I'll suspect that the C++-side interface will become quite cluttered at this point, so some further refactoring to separate functionalities would be tempting, but I think I'll stop here for now.

jkrijthe commented 6 years ago

Thanks again for attempting this. Two thoughts:

LTLA commented 6 years ago
  1. Yes, that's also a valid approach. Though this will make computeGaussianPerplexity a bit tricky to read, because one function is now responsible for three different possible inputs - X, the precomputed distance matrix, and the nearest neighbour results. By having distinct functions that operate on different inputs (but with the common perplexity calculation factored out), I was hoping to clarify the situation and make it easier for future maintenance.

    How about I put together a draft of what I'm thinking of, you can tell me if the changes are too much?

  2. Sure, that's another way to do it. But my understanding from the code comments was that the normalization was being performed to avoid overflow/underflow problems in the downstream calculations. This seems to suggest that it is necessary regardless of what was supplied as input.

    Also, an intuitive expectation of Rtsne() behaviour would be that the results should be the same (give or take the effects of numerical imprecision) regardless of whether I supplied the data matrix X directly, or precomputed the distance matrix from X and supplied that instead. In fact, realizing that this was not the case has made me look back on some of my own analysis code with some concern! Oh well.

    Conversely, if the function is intended to respond to user normalization, it should arguably do so for X as well, not just for precomputed distance matrices. Perhaps a normalize= flag is in order? (I realize that I'm asking for a lot of extra arguments, but a single function that accepts many potential inputs is invariably going to be complicated.)

jkrijthe commented 6 years ago
  1. Sounds good, will have a look at the result.

  2. I agree on making normalise an additional argument. For the distance matrices, however, I guess I had a different idea of what the user should expect: currently you do get the same result regardless of using X as matrix or pre-computing "the" distance, but it might not have been clear what distance this was exactly (the "normalised" Euclidean distance, rather than the unnormalised Euclidean distance). Suppose we would want to do the normalisation for the precomputed distances: how would this be done for general distance measures?

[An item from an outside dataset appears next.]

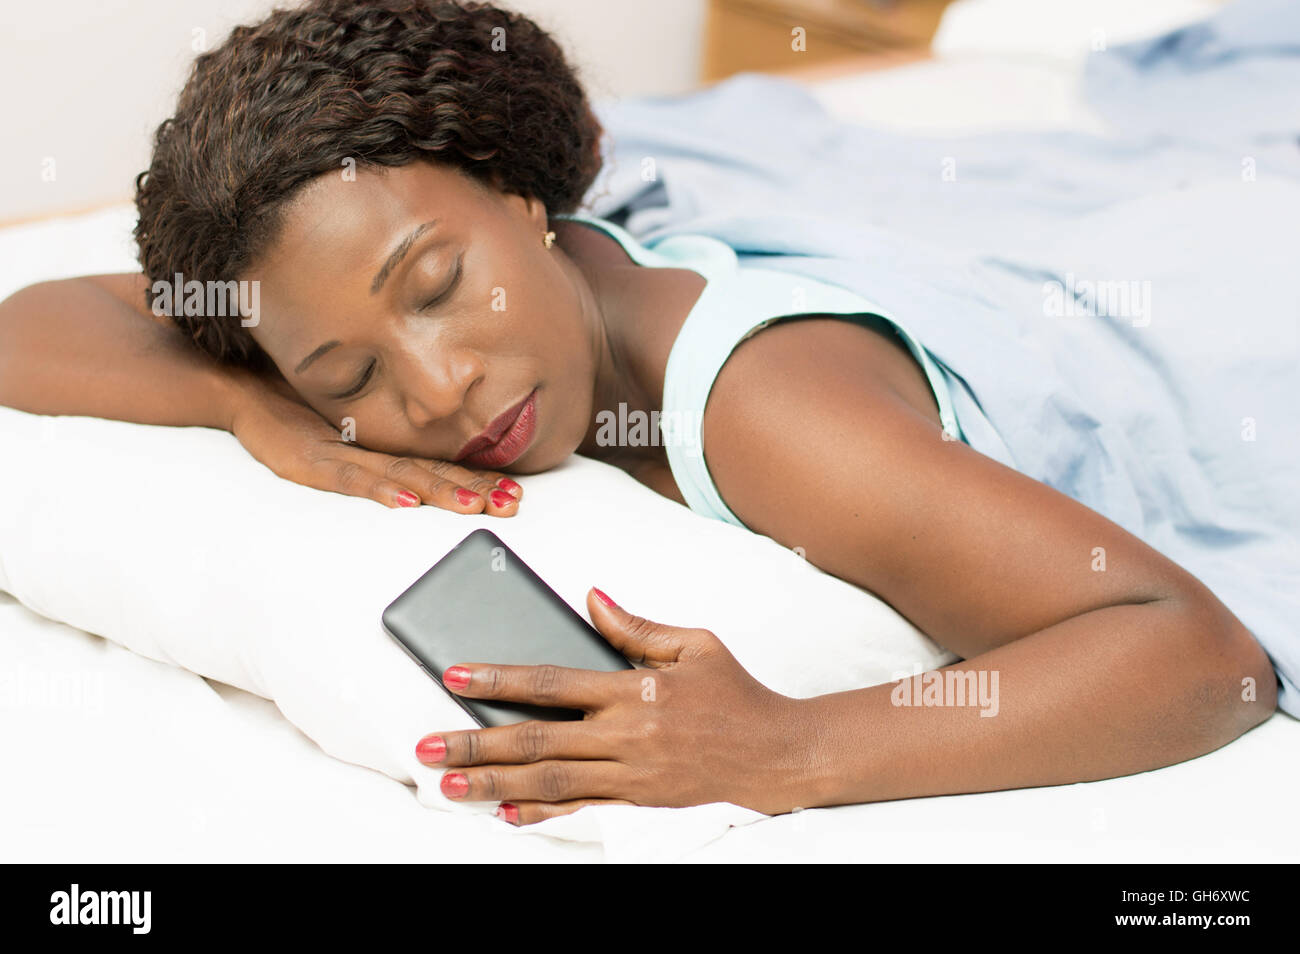 Belle femme dormir dans le lit avec son téléphone portable dans sa main Banque D'Images

LTLA commented 6 years ago

Regarding the distance normalization: I was only thinking of Euclidean. Let's say we have X, and distances (nearest neighbors, or the full distance matrix) D. We can compute a scaling factor from X:

# Can be done efficiently in C++:
zeroed <- sweep(X, 2, colMeans(X), "-")
scale <- max(abs(zeroed)) 

... and then divide D by scale to obtain the distances that we would have gotten from zeroed/scale (i.e., the normalized X). This should work for the Euclidean and Manhattan distances, at least. I suppose people can turn this off with normalize=FALSE for other metrics that are scale-invariant.

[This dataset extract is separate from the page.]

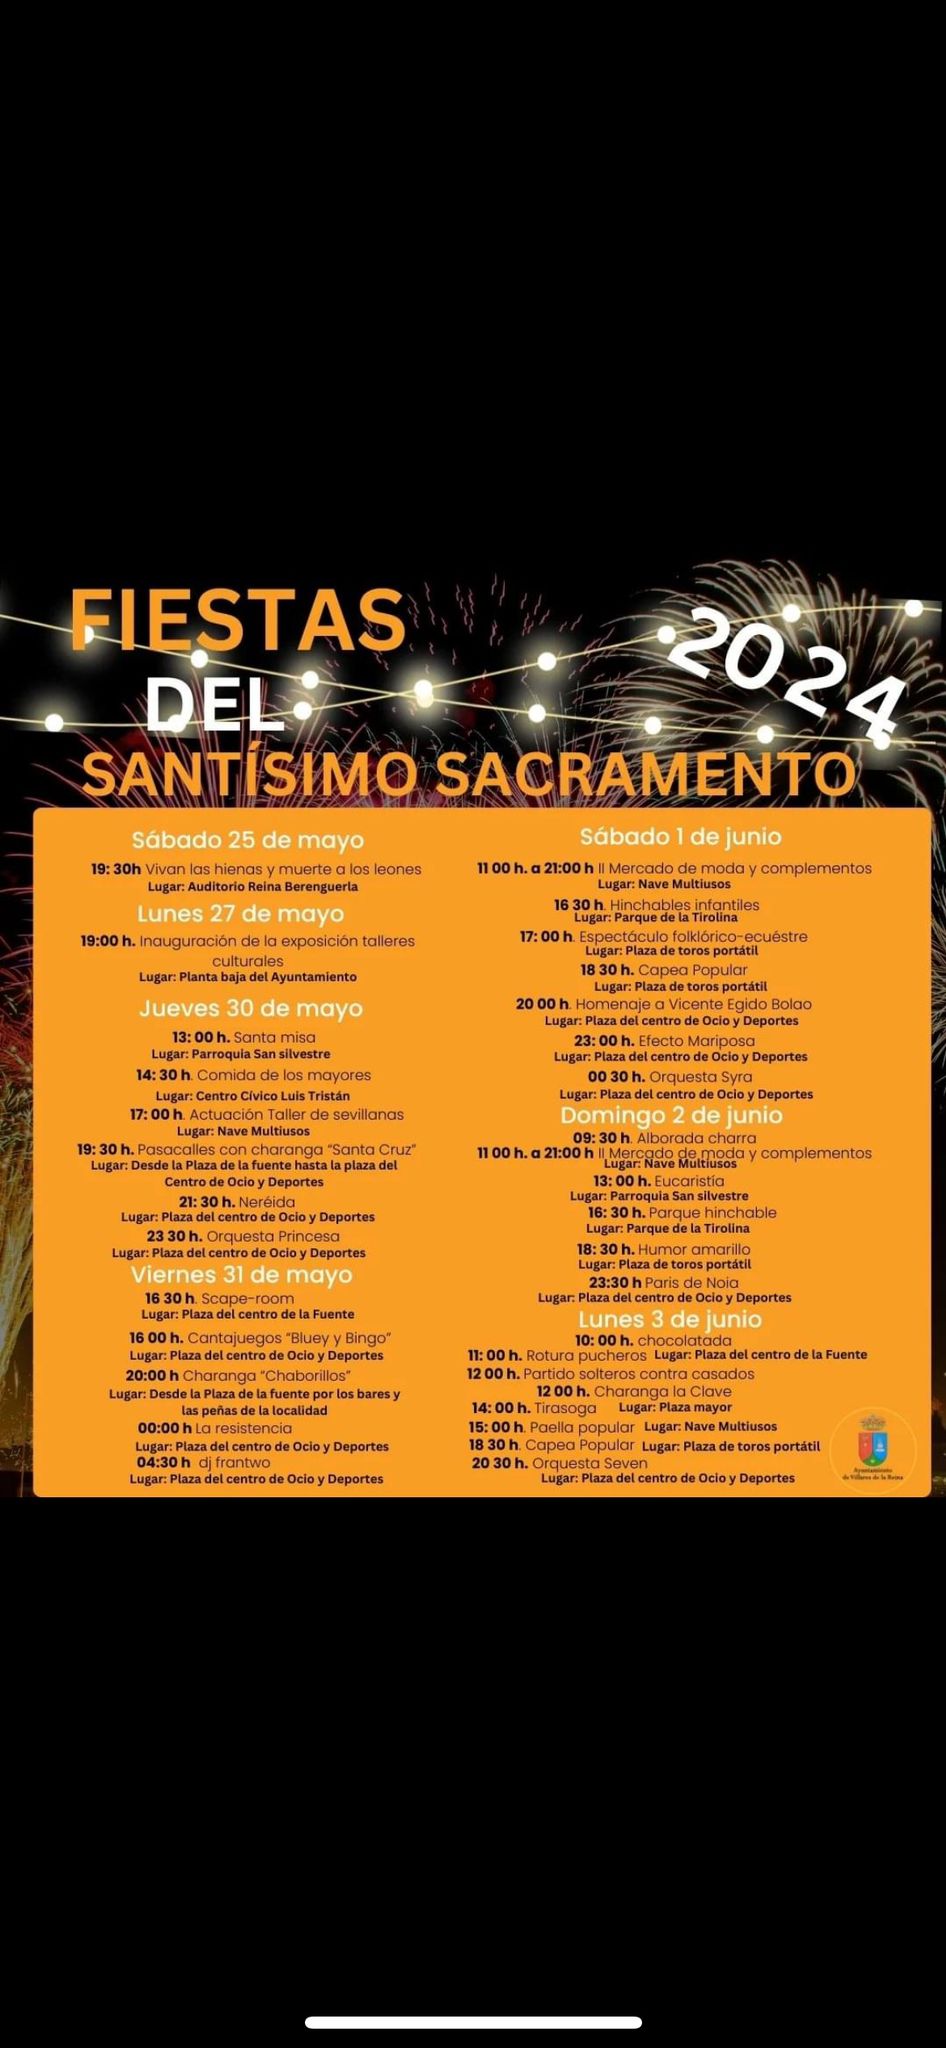 Programación de las Fiestas del Santísimo Sacramento de Villares de la Reina, Salamanca

Okay, that's starting to get a bit complicated, so if you're planning to accept other distance measures, then assuming that the input is already normalized is probably the safest bet. Exposing the normalization code as a separate function would probably be helpful, that makes it easy for people to comply.

jkrijthe commented 6 years ago

I agree having the normalisation code as a separate function, or at least an example in the docs of how to do it is needed and currently lacking. But the fact the normalisation cannot be done for general distance measures makes me wary of adding the normalisation for distance matrices.

LTLA commented 6 years ago

Agreed. And in fact, rolling the normalization function into a separate R function (that is called directly in the Rtsne R function before entry into C++ code) would probably help to modularize the code even further.

gokceneraslan commented 6 years ago

Now that #39 is merged, we can close this, or wait until a new release. @jkrijthe, any estimates about the next release date?

jkrijthe commented 6 years ago

Good. Sorry, not sure about the next release yet, hopefully in the next 1-2 weeks.